Work task =>
The line containing "what is the" marks the start; repeat it and every following line exactly through the end of the entries.

Material for the task =>
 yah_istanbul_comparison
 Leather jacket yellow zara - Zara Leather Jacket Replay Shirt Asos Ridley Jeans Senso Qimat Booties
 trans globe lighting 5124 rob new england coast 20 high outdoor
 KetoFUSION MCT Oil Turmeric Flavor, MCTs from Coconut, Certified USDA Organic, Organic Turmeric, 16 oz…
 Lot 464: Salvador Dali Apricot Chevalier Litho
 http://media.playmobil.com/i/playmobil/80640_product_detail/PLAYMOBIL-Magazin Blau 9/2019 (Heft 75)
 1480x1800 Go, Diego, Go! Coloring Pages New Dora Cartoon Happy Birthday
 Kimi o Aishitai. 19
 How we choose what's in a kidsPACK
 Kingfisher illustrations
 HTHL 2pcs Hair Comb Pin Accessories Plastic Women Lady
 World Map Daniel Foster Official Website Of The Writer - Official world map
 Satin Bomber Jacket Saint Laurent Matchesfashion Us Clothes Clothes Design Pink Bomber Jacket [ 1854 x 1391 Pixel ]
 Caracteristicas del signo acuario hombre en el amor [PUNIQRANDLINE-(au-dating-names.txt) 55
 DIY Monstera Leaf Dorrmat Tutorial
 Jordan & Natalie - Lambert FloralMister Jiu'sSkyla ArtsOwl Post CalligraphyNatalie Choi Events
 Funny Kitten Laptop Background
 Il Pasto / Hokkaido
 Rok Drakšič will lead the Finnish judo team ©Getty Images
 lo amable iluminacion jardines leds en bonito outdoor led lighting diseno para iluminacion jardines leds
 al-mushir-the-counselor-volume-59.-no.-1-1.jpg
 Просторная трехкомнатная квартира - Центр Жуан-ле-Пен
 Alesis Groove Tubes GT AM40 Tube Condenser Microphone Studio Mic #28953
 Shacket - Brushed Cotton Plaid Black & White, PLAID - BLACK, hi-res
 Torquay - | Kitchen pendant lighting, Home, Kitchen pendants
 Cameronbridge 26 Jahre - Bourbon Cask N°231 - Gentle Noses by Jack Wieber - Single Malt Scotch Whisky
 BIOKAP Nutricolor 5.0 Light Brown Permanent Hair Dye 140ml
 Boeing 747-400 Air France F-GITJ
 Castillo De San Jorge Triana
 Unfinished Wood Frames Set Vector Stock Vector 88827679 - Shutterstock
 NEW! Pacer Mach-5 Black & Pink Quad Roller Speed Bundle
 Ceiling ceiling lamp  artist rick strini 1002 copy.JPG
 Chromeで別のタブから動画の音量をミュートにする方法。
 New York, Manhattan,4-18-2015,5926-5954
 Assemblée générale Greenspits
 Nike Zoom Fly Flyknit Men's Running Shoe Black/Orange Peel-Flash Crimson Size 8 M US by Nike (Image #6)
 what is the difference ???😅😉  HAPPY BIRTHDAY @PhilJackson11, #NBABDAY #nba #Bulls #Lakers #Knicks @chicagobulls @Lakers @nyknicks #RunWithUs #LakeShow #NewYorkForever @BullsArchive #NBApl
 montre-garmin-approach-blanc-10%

Solution to this exercise =>
 what is the difference ???😅😉  HAPPY BIRTHDAY @PhilJackson11, #NBABDAY #nba #Bulls #Lakers #Knicks @chicagobulls @Lakers @nyknicks #RunWithUs #LakeShow #NewYorkForever @BullsArchive #NBApl
 montre-garmin-approach-blanc-10%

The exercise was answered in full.